POJ 1753 Flip Game(枚举+DFS)

Flip Game

Time Limit: 1000MS		Memory Limit: 65536K
Total Submissions: 17012		Accepted: 7377

Description

Flip game is played on a rectangular 4x4 field with two-sided pieces placed on each of its 16 squares. One side of each piece is white and the other one is black and each piece is lying either it's black or white side up. Each round you flip 3 to 5 pieces, thus changing the color of their upper side from black to white and vice versa. The pieces to be flipped are chosen every round according to the following rules: 

1. Choose any one of the 16 pieces. 
2. Flip the chosen piece and also all adjacent pieces to the left, to the right, to the top, and to the bottom of the chosen piece (if there are any).

Consider the following position as an example: 

bwbw 
wwww 
bbwb 
bwwb 
Here "b" denotes pieces lying their black side up and "w" denotes pieces lying their white side up.
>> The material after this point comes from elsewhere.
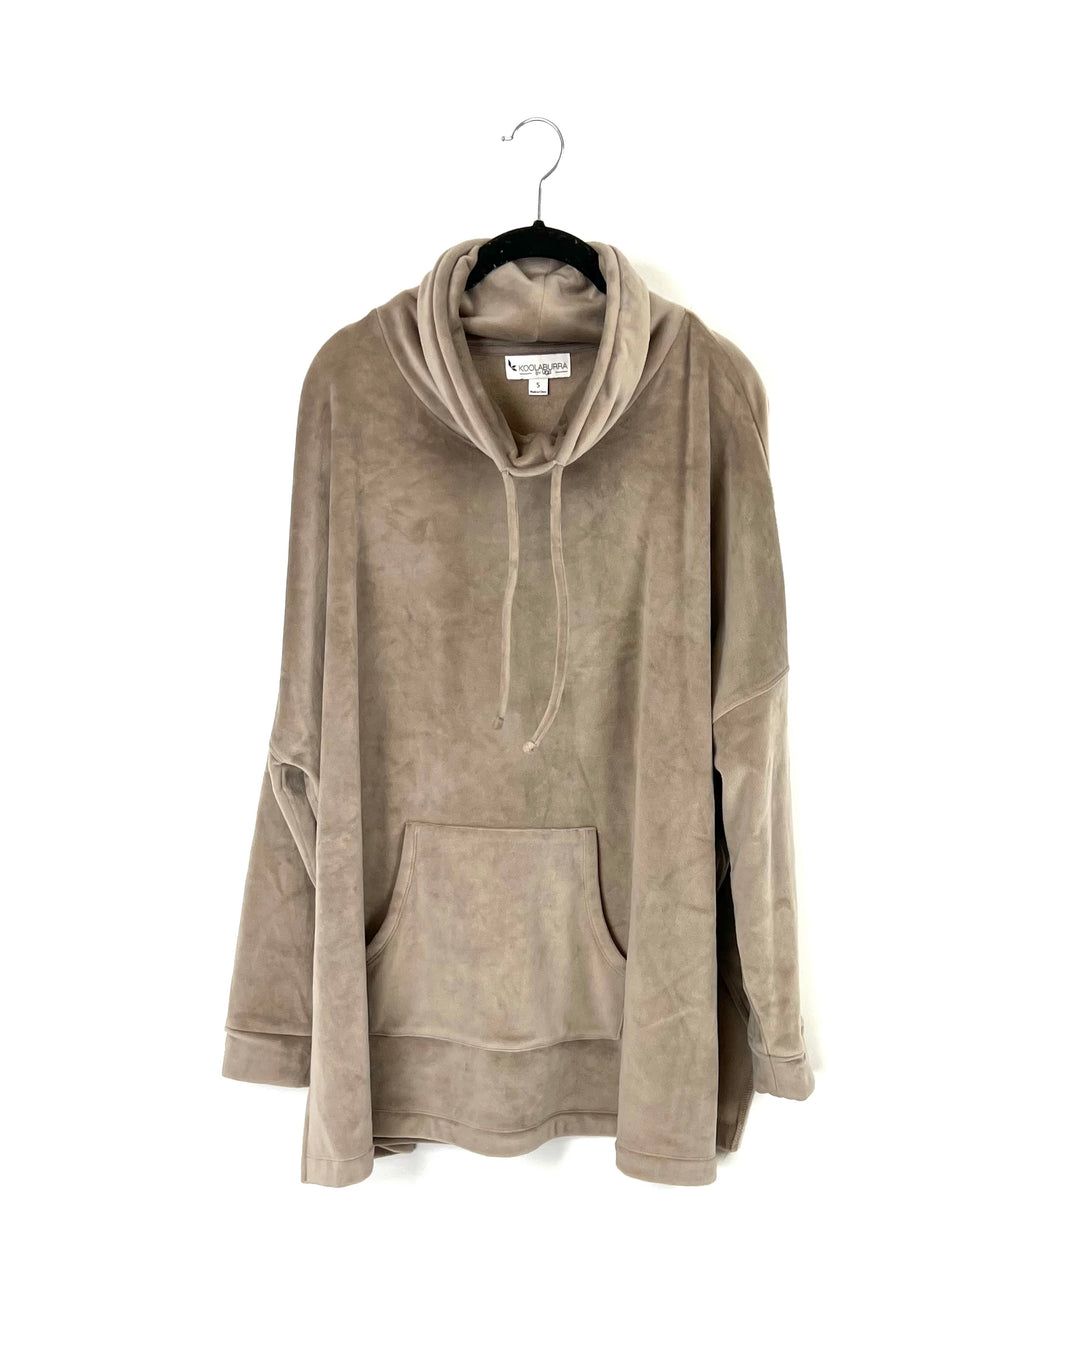 Taupe Fleece Pullover - Small

If we choose to flip the 1st piece from the 3rd row (this choice is shown at the picture), then the field will become: 

bwbw 
bwww 
wwwb 
wwwb 
The goal of the game is to flip either all pieces white side up or all pieces black side up. You are to write a program that will search for the minimum number of rounds needed to achieve this goal. 

Input

The input consists of 4 lines with 4 characters "w" or "b" each that denote game field position.

Output

Write to the output file a single integer number - the minimum number of rounds needed to achieve the goal of the game from the given position. If the goal is initially achieved, then write 0. If it's impossible to achieve the goal, then write the word "Impossible" (without quotes).

Sample Input

bwwb
bbwb
bwwb
bwww

Sample Output

4

Source

Northeastern Europe 2000

解题报告：利用枚举的方法，因为最多的步骤是16步，每次再进行DFS深搜，若搜到即为最小步骤，否则就不存在使得全部为白或黑，

代码如下：

#include <iostream>
#include <cstdio>
#include <cstring>
using namespace std;
const int N = 10;
int map[N][N], flag, ans;
int move[4][2] = {{-1, 0}, {0, -1}, {1, 0}, {0, 1}};
void Change(int x, int y) //翻转函数
{
    int p, q, i;
    map[x][y] = ! map[x][y];
    for (i = 0; i < 4; ++i)
    {
        p = x + move[i][0];
        q = y + move[i][1];
        if (q >=1 && p>=1 && p <= 4 && q <=4)
        {
            map[p][q] = ! map[p][q];
        }
    }
}
int Judge() //判断函数
{
    int i, j;
    for(i = 1; i <= 4; ++i)
    {
        for(j = 1; j <= 4; ++j)
        {
            if(map[1][1] != map[i][j])
            {
                return 0;
            }
        }
    }
    return 1;
}
void DFS(int x, int y, int step)
{
    if (ans == step)
    {
        if (Judge())
        {
            flag = 1;
            return;
        }
    }
    if (flag || x >= 5)
    {
        return ;
    }
    Change(x, y);
    if (y < 4)
    {
        DFS(x, y + 1, step + 1);
    }
    else
    {
        DFS(x + 1, 1, step + 1);
    }
    Change(x , y); //若没有得到答案，恢复原来的状态
    if (y < 4)
    {
        DFS(x, y + 1, step);
    }
    else
    {
        DFS(x + 1, 1, step);
    }
}
int main()
{
    char str;
    int i, j;
    memset(map, 0, sizeof(map));
    for (i = 1; i <= 4; ++i)
    {
        for (j = 1; j <= 4; ++j)
        {
            scanf("%c", &str);
            if (str == 'w')
            {
                map[i][j] = 1;
            }
        }
        getchar();//度掉回车
    }
    flag = 0;
    for (i = 0; i <= 16; ++i)//枚举方法
    {
        ans = i;
        DFS(1, 1, 0);
        if (flag)//若找的则退出，即为最小
        {
            break;
        }
    }
    if (flag)
    {
        printf("%d\n", ans);
    }
    else
    {
        printf("Impossible\n");
    }
    return 0;
}